Julie Châteauvert (2006), Les Radicaux, Festival Regard d'octobre, Nouveau Théâtre du 8e. Crédit photo: Vincent Bailly Comte.

Regardons, à titre d’exemple, cette photo et cette description d’une intervention urbaine orchestrée par Julie Châteauvert. Tirée de la série Les radicaux, l’artiste explore le potentiel esthétique et les enjeux politiques des expressions du visage dans la langue des signes:

Pour les entendants, réussir à mettre le visage en mouvement, c’est difficile. Ça révèle d'importants marqueurs culturels, certaines inhibitions. Tu ne grimaces pas! On contient l’expression, elle est balisée. Quand tu apprends la langue des signes, comme entendant, tu es confronté à devoir franchir des tabous et des interdits. Cela m’a intéressée. Là, tu es dans le rapport interculturel parce que, dans la langue des signes, tu en as besoin. Si tu ne fais pas la distinction dans l'expression de ton visage, tu ne fais juste pas de distinction entre deux mots. […] J’ai extrait les expressions du visage, puis on les a étirées jusqu’à leur maximum.
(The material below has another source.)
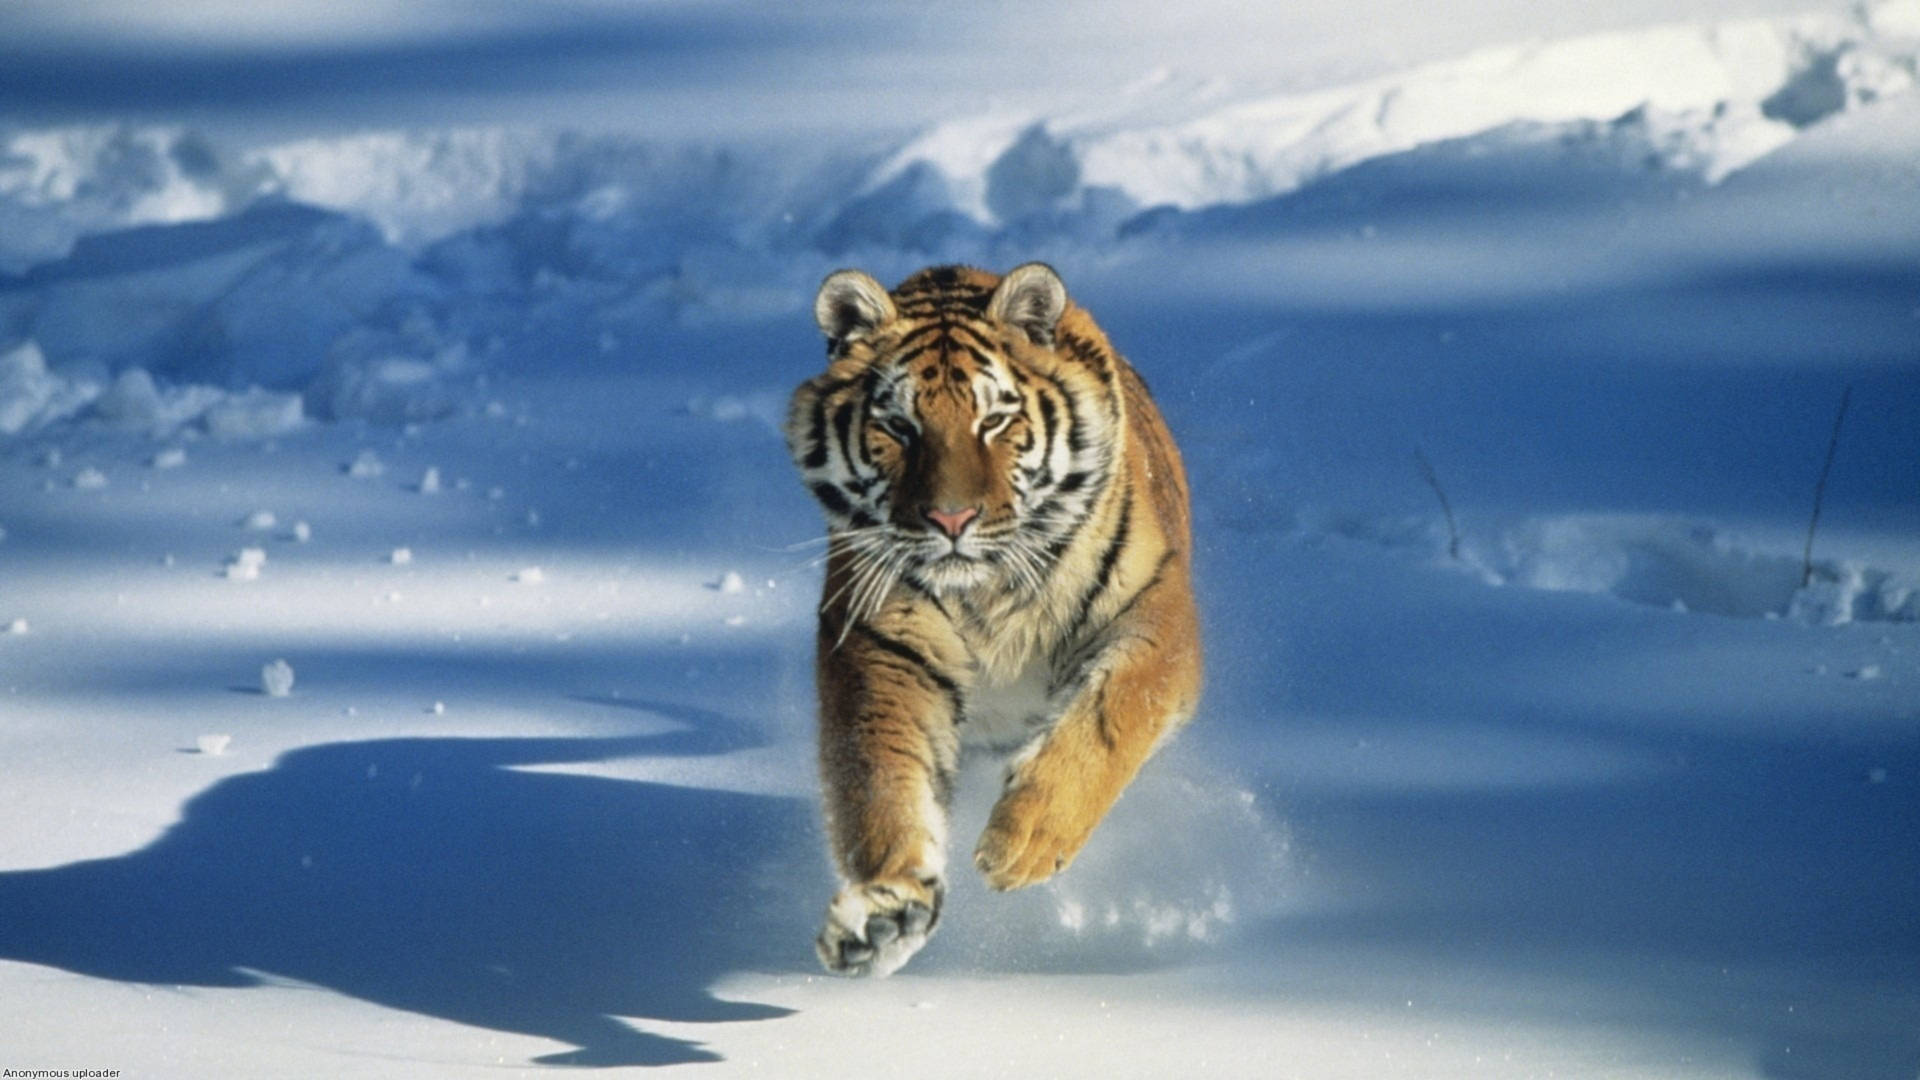 Tiger Running In Snow Wallpaper

Qu’est-ce qu’elles ont l’air quand on les amène à leur maximum d’amplitude? Qu’est-ce qu’elles deviennent? L’indication était de suivre la sensation du mouvement. […] Puis, en remettant les gens dans la ville, on confronte directement le tabou. Puis ça a marché au-delà de ce que j’avais anticipé. Quand les gens faisaient ça, juste assis sur le tabouret à faire leur chorégraphie de face, ça soulevait des réactions! Des passants qui s’arrêtent un peu, curieux, puis qui s’en vont, des arrêts de gens très fascinés, d’autres qui rigolent… Des gens mal à l’aise puis des gens en christ! À engueuler le monde et ça plusieurs fois. Wow! Pourquoi toute cette colère? Je ne comprenais pas trop d’où ça venait. Ça m’a vraiment surprise… Cela a relancé ma réflexion sur ma position d’alliée par rapport à la communauté sourde. Qu’est-ce qu’ils vivent ces gens-là quotidiennement? Comment ça éprouve la fracture entre la majorité entendante et la minorité locutrice des langues des signes? Comment se joue la minorisation de la langue? Comment l’exclusion se fabrique? Comment est-ce qu’ils peuvent la percevoir?
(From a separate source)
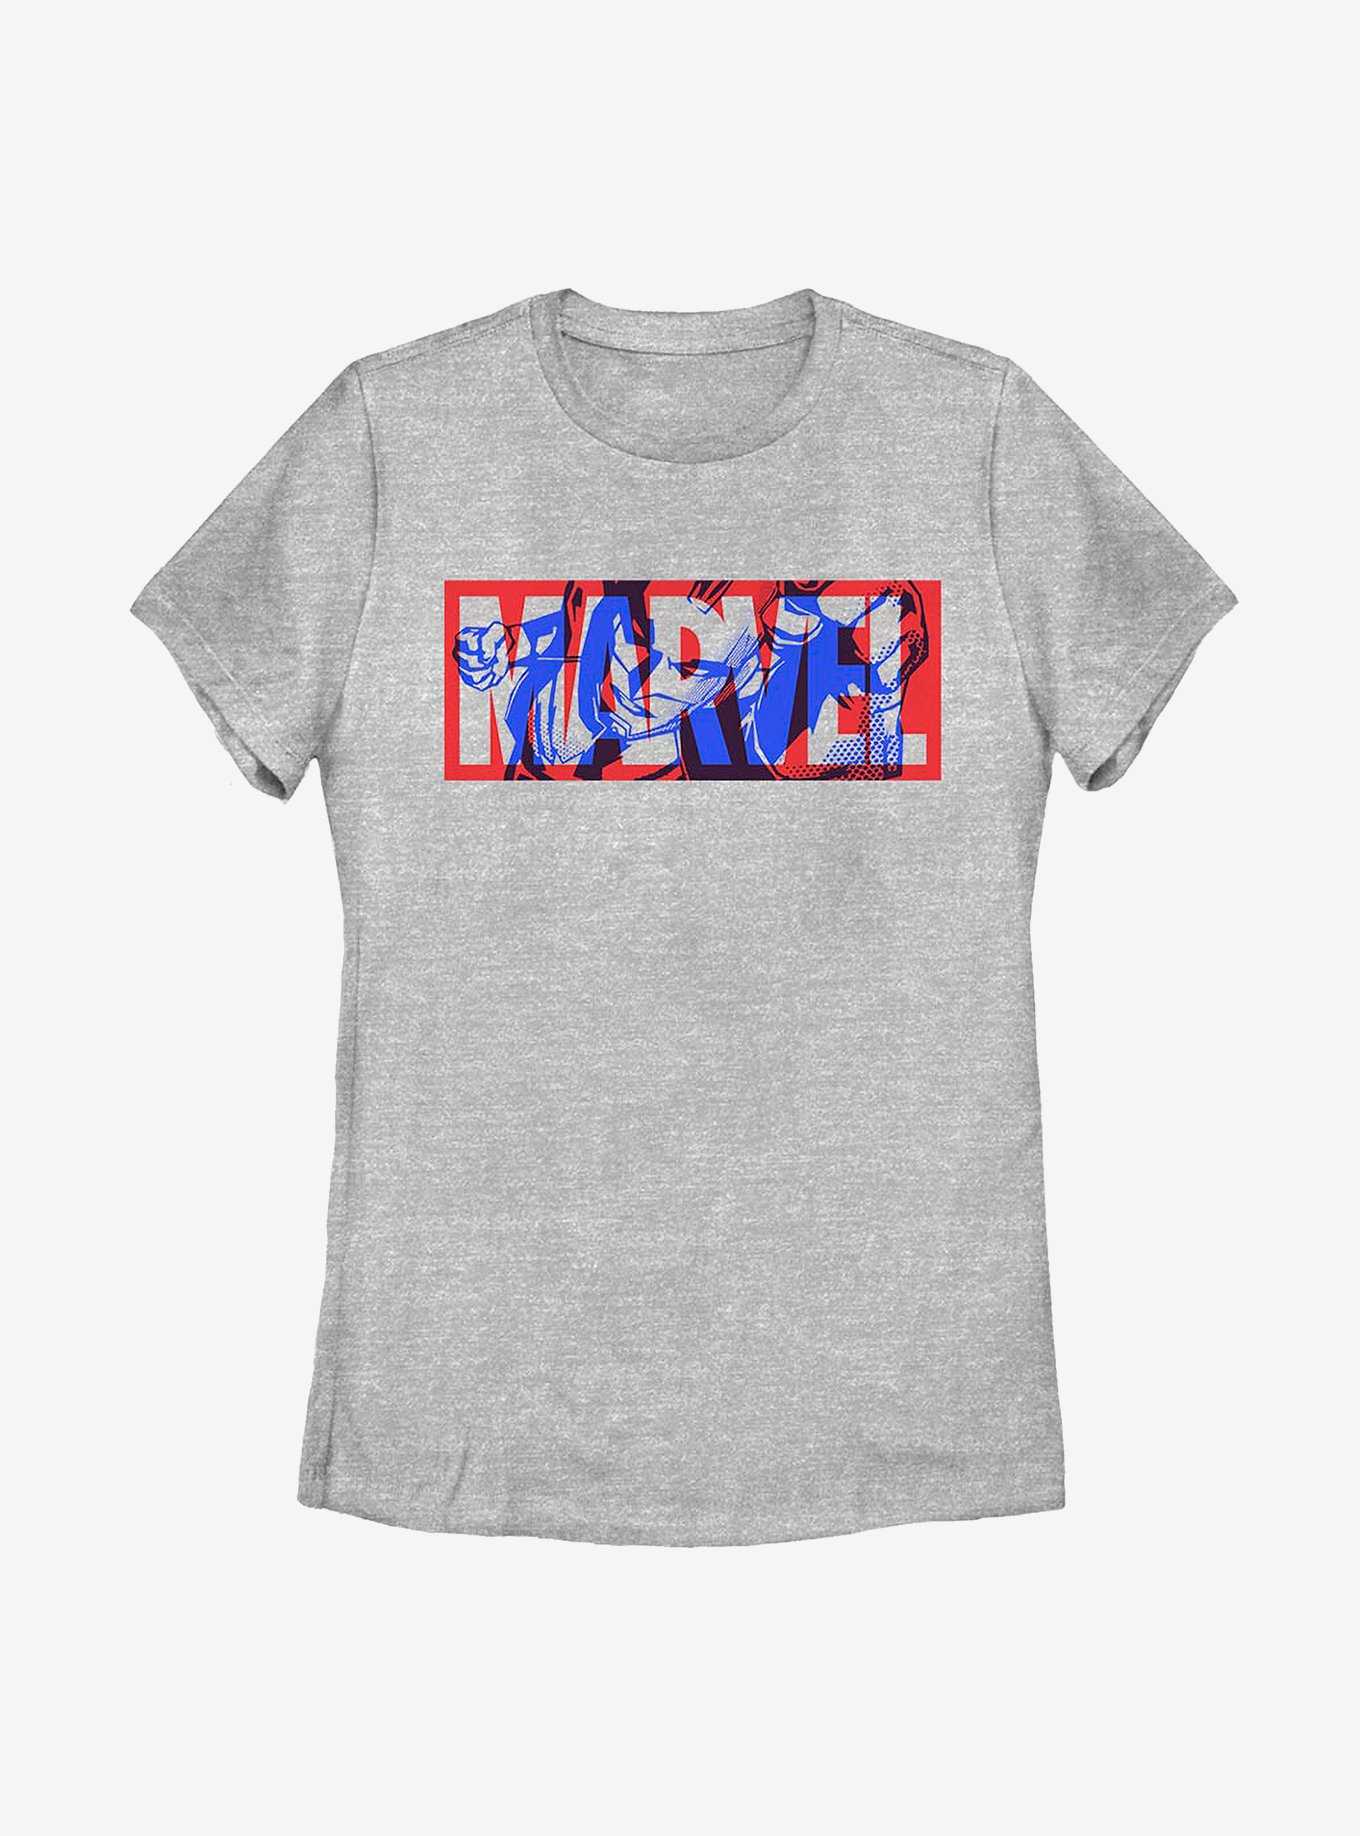 Marvel Captain Marvel Danver's Logo Womens T-Shirt, , hi-res

Tenir compte du discours des personnes créatrices permet aussi d’inclure l’expérience des participant.es dans des créations collectives. Cette parole ébranle le rapport de pouvoir des protagonistes institutionnels, les expert.es de la création et de son analyse, rendant compte d’expériences diversifiées à la création et à son apport individuel et collectif. Elle permet, entre autres, de nourrir heuristiquement les analyses sur les impacts de la création. Cette citation d’un homme adulte vivant des problèmes de santé mentale, qui participe, depuis plus de 10 ans, à l’élaboration de spectacles de marionnettes dans un organisme situé à Chicoutimi, l’École nationale d’apprentissage par la marionnette (ÉNAM), le montre bien:

Je me suis donné la chance de me fabriquer un personnage, qui me ressemble plus, qui est capable de participer à un spectacle, puis de porter un message que moi je n’arrive pas à dire. Ça m’a aussi permis d’exprimer mes mécontentements en fabriquant ma marionnette. De la prendre pour moi-même. De la regarder puis de lui dire: «Aïe! Tu me tombes sur les nerfs! Il va falloir que je te remonte, que je t’arrange». […] Pinocchio pour moi, c’était moi-même. J’associais beaucoup le personnage à mon comportement peut-être parce que ça me gênait de le dire en parole. C’est comme si je faisais un zoom là sur ma personnalité. C’est comme une éternelle remise en question de moi-même.

 

L’observation: quand l’art et la recherche partenariale agissent

J’ai eu la chance, dans les dernières années, d’observer plusieurs projets artistiques engagés de cocréation. Les groupes et collectifs d’artistes m’ont donné accès aux réunions et aux processus de création dans des projets d’art communautaire qui visaient une certaine déhiérarchisation des savoirs et expertises, des rapports plus égalitaires, un empowerment. En parallèle, j’ai vécu certains processus de recherche partenariale dont les objectifs étaient assez similaires: créer collectivement de la connaissance à partir de postures et de savoirs diversifiés. J’ai ainsi été témoin de moments où se réalisaient certaines des potentialités des processus mêmes de création et de recherche, certains renversements des rôles.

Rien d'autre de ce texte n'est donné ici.